Every writing partnership is different based on the people who enter into it, and therefore each partnership should be considered its own unique process. When two writers come together, they might want to discuss how they personally work best, expectations for working with someone else, and their future goals. If you're someone who doesn't like to talk about their thoughts and feelings on how a relationship is going, a writing partnership might not be for you. A writing partnership is just that, a relationship. All relationships need to be cultivated, nurtured, and looked after. You don't want to be stuck in a writing partnership that's frustrating or makes you miserable, just like you wouldn't tolerate that in any other relationship!

Choose your partner wisely

When choosing a writing partner, you want chemistry and like-minded thinking, but it shouldn't just stop there. The best partnerships have each person bringing a different perspective or skill (or both) to the table. You want a partner who challenges you and makes you question things. If you agree on everything, what's the point in even having a partner? It's also nice when your partner has strengths that might be your weaknesses and vice versa. Maybe you're not formally educated in writing, but you're passionate and have many great ideas. Then you might benefit from a partner who's got a degree or has studied a lot about writing techniques and methods. You want your partner to compliment you and your skills. The goal of the partnership should be that together you create something greater than what you would have done separately.

Determine your writing process

Some writing partners like to brainstorm an outline together, while others like to brainstorm separately and then come together with their unique ideas.

Some partnerships have one writer doing the bulk of the writing and the other writer giving feedback from a producer-like mindset.

Sometimes one writer will write a section of the story, and then the other writer will build off of it, writing the next section, almost like a relay.

Sometimes writers divvy up the writing based on plot points or characters.
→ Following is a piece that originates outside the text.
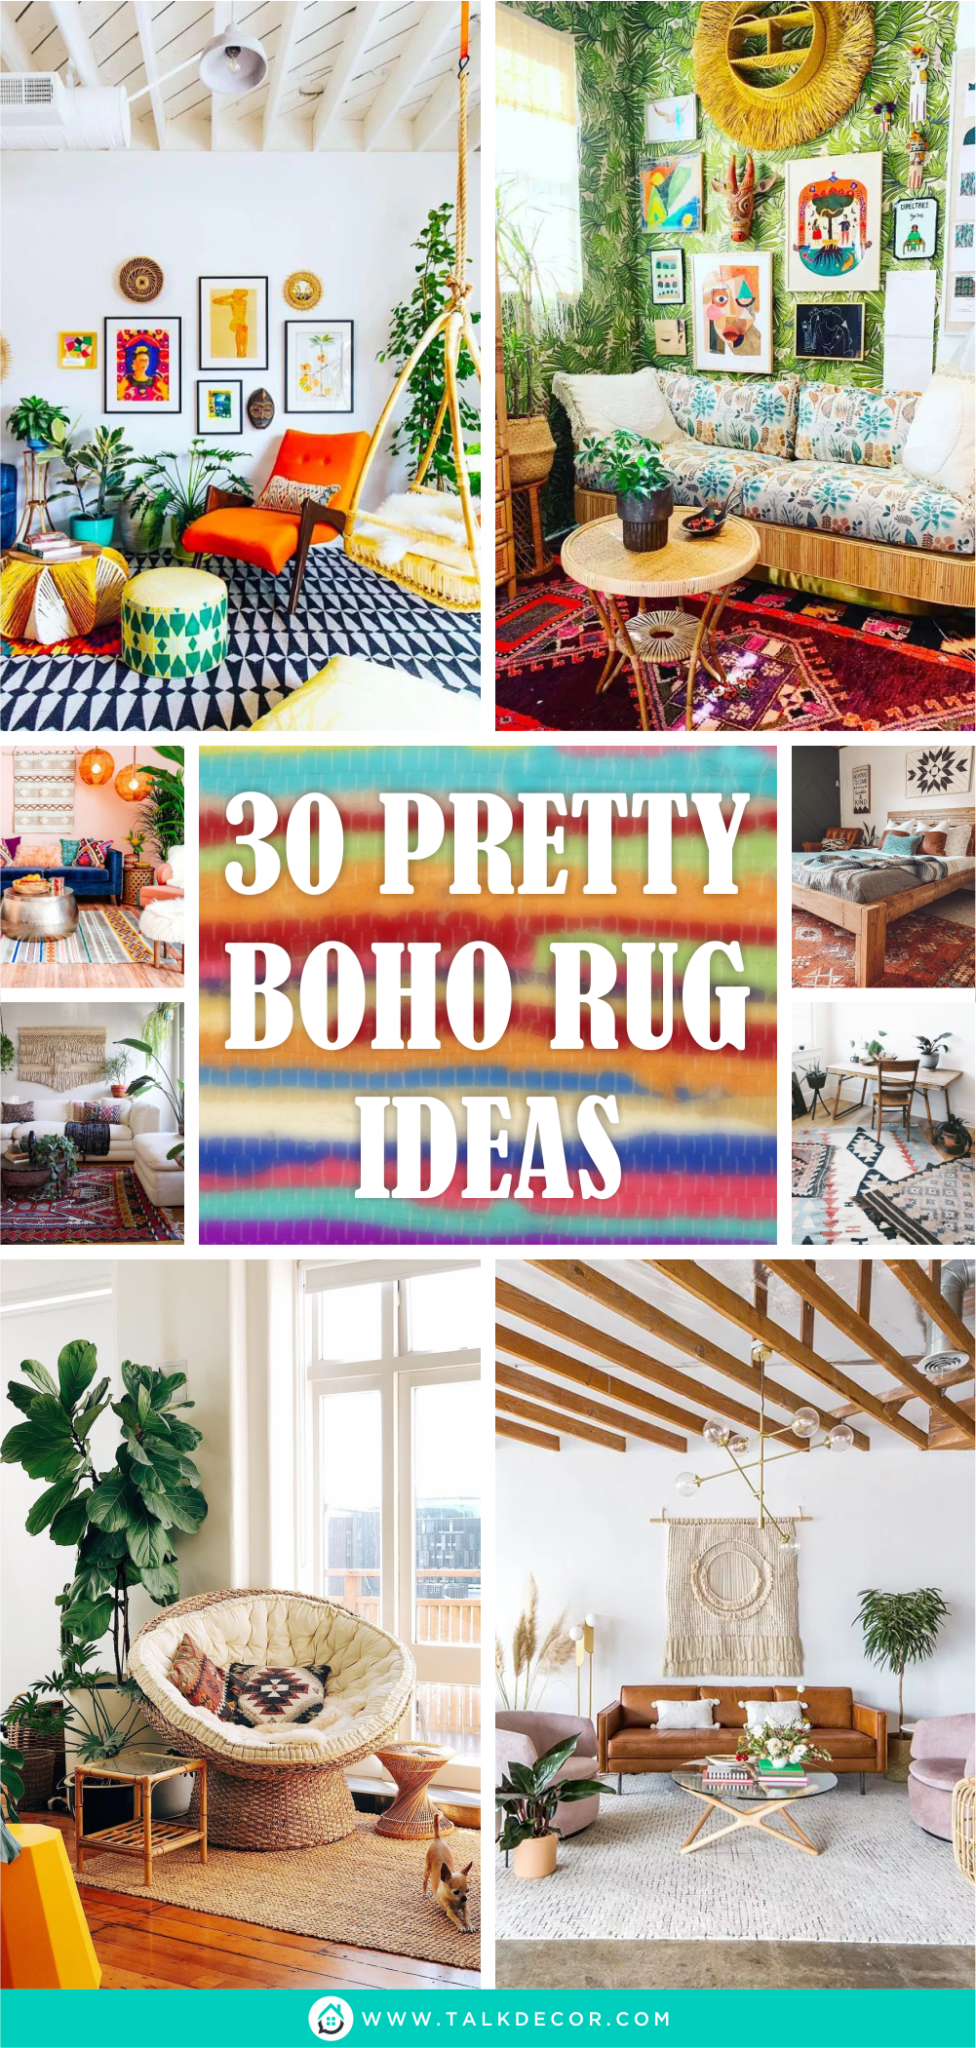 30 Pretty Boho Rug Ideas - Talkdecor

There are tons of different ways for two people to write a screenplay together. No matter which way you choose, you want to discuss it first to agree on a method that will work best for both of you.

Be prepared to disagree

Inevitably, since you are two different people with unique views on storytelling, you will find yourself disagreeing. When disagreements arise, don't panic! Don't give in to a knee-jerk reaction to defend your opinion in a way that implies that you know better than your co-writer. You're on the same team, so remember to be kind! Both of you should present your point of view in a prepared explanation and then review them through the lens of what's best for the story. Still can't agree? Sometimes it's best to move on to something else and then return to the problem section with fresh eyes.

Get it in writing

Once you agree on how to work with each other and who will write what, it's essential to write it all out and have every party sign the written document. Especially in screenwriting, writing credit is often determined by how much of a screenplay you wrote, and you don't want to end up in a situation where one person gets all the glory. You also don't want the matter of credits to destroy your writing relationship.

Hopefully, this blog didn't scare you away from a writing partnership. Writing with a partner isn't for everybody. A writing partnership requires vulnerability, kindness, respect, and a set of shared expectations. It will help if you strive for a partnership that makes you both better together. Happy writing, partners!